Chapter 1, Deep Reinforcement – Architectures and Frameworks, covers the relevant and common deep learning architectures, basics of logistic regression, neural networks, RNN, LSTMs, and CNNs. We also cover an overview of reinforcement learning, the various technologies, frameworks, tools, and techniques, along with what has been achieved so far, the future, and various interesting applications.
Chapter 2, Training Reinforcement Learning Agents Using OpenAI Gym, explains that OpenAI Gym is a toolkit for developing and comparing reinforcement learning algorithms.
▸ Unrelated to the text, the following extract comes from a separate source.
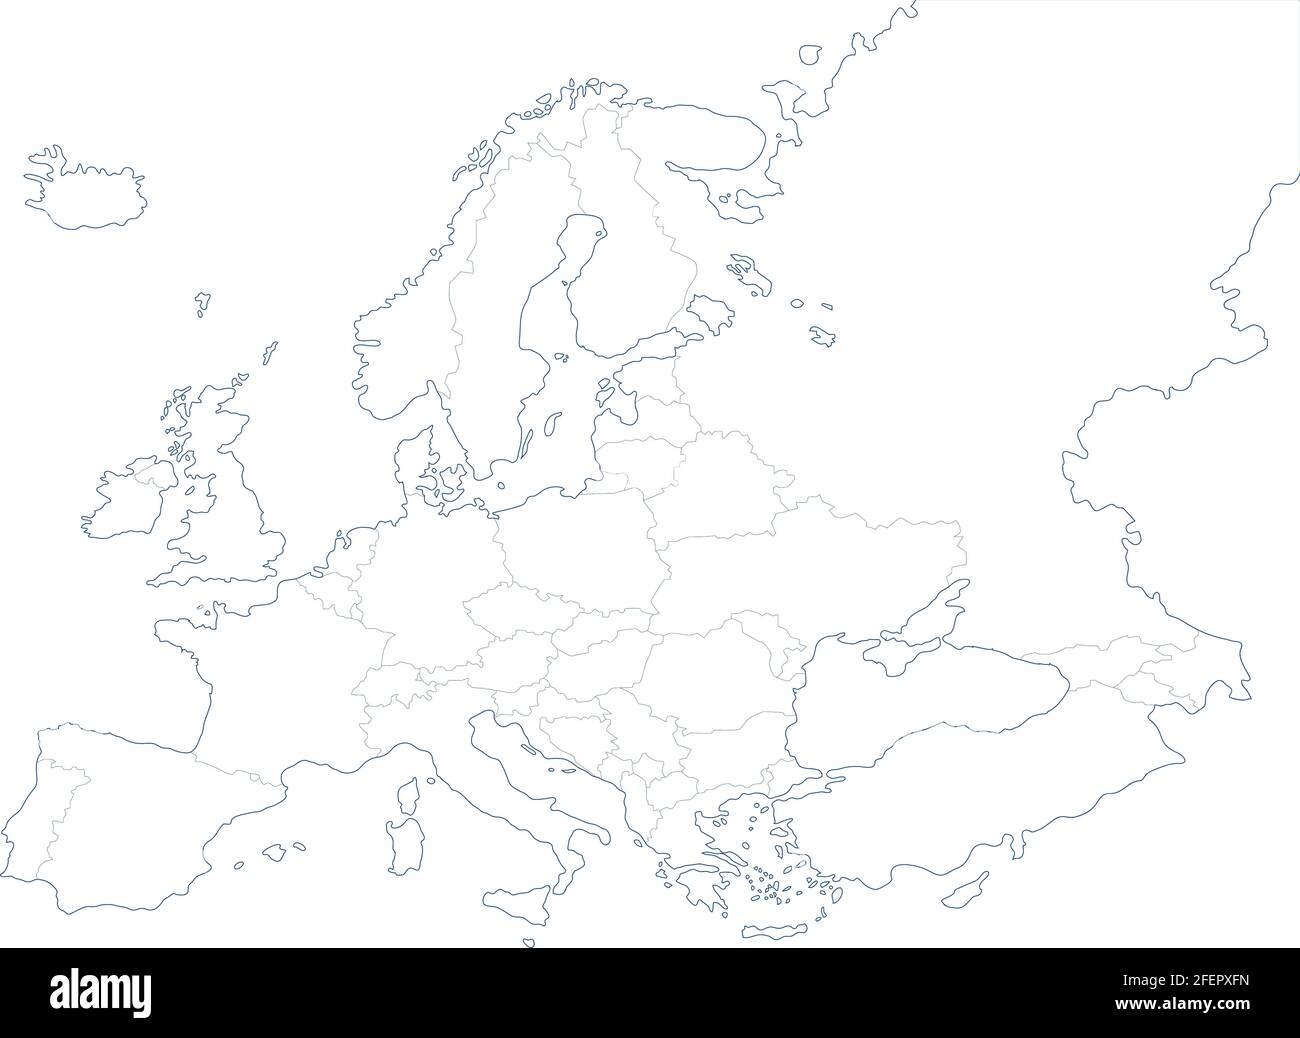 Mappa politica dell'Europa su sfondo bianco. Illustrazione vettoriale Illustrazione Vettoriale

It supports teaching agents everything from walking to playing games such as Pong or Breakout. In this chapter, we learn how to use the OpenAI Gym framework to program interesting RL applications.
Chapter 3, Markov Decision Process, discusses the fundamental concepts behind reinforcement learning such as MDP, Bellman Value functions, POMDP, concepts of value iteration, reward's sequence, and training a reinforcement learning agent using value iteration in an MDP environment from OpenAI Gym.
Chapter 4, Policy Gradients, shows a way of implementing reinforcement learning systems by directly deriving the policies. Policy gradients are faster and can work in continuous state-action spaces. We cover the basics of policy gradient such as policy objective functions, temporal difference rule, policy gradients, and actor-critic algorithms. We learn to apply a policy gradient algorithm to train an agent to play the game of Pong.
Chapter 5, Q-Learning and Deep Q-Networks, explains that algorithms such as State-Action-Reward-State-Action (SARSA), MCTS, and DQN have enabled a new era of RL, including AlphaGo. In this chapter, we take a look at the building blocks of Q-Learning and applying deep neural networks (such as CNNs) to create DQN. We also implement SARSA, Q-learning, and DQN to create agents to play the games of Mountain Car, Cartpole, and Atari Breakout.
Chapter 6, Asynchronous Methods, teaches asynchronous methods: asynchronous one-step Q-learning, asynchronous one-step SARSA, asynchronous n-step Q-learning, and asynchronous advantage actor-critic (A3C). A3C is a state-of-the-art deep reinforcement learning framework. We also implement A3C to create a reinforcement learning agent.
Chapter 7, Robo Everything – Real Strategy Gaming, brings together the RL foundations, technologies, and frameworks together to develop RL pipelines and systems. We will also discuss the system-level strategies to make reinforcement learning problems easier to solve (shaping, curriculum learning, apprenticeship learning, building blocks, and multiconcepts).
Chapter 8, AlphaGo – Reinforcement Learning at Its Best, covers one of the most successful stories: the success of AI in playing and winning the game of Go against the world champion. In this chapter, we look at the algorithms, architectures, pipelines, hardware, training methodologies, and game strategies employed by AlphaGo.
Chapter 9, Reinforcement Learning in Autonomous Driving, illustrates one of the most interesting applications of RL, that is, autonomous driving. There are many use cases such as multi-lane merging and driving policies for negotiating roundabouts. We cover the challenges in autonomous driving and discuss proposed research-based solutions. We also introduce the famous MIT Deep Traffic simulator to test our reinforcement learning framework.
Chapter 10, Financial Portfolio Management, covers the application of RL techniques in the financial world. Many predict that AI will be the norm in asset management, trading desks, and portfolio management.
Chapter 11, Reinforcement Learning in Robotics, shows another interesting domain in which RL has found a lot of applications—robotics. The challenges of implementing RL in robotics and the probable solutions are covered.
Chapter 12, Deep Reinforcement Learning in Ad Tech, covers topics such as computational advertising challenges, bidding strategies, and real-time bidding by reinforcement learning in display advertising.
Chapter 13, Reinforcement Learning in Image Processing, is about the most famous domain in computer vision—object detection—and how reinforcement learning is trying to solve it.
Chapter 14, Deep Reinforcement Learning in NLP , illustrates the use of reinforcement learning in text summarization and question answering, which will give you a basic idea of how researchers are reaping the benefits of reinforcement learning in these domains.
Appendix A, Further topics in Reinforcement Learning, has an introductory overview of some of the topics that were out of the scope of this book. But we mention them in brief and end these topics with external links for you to explore them further.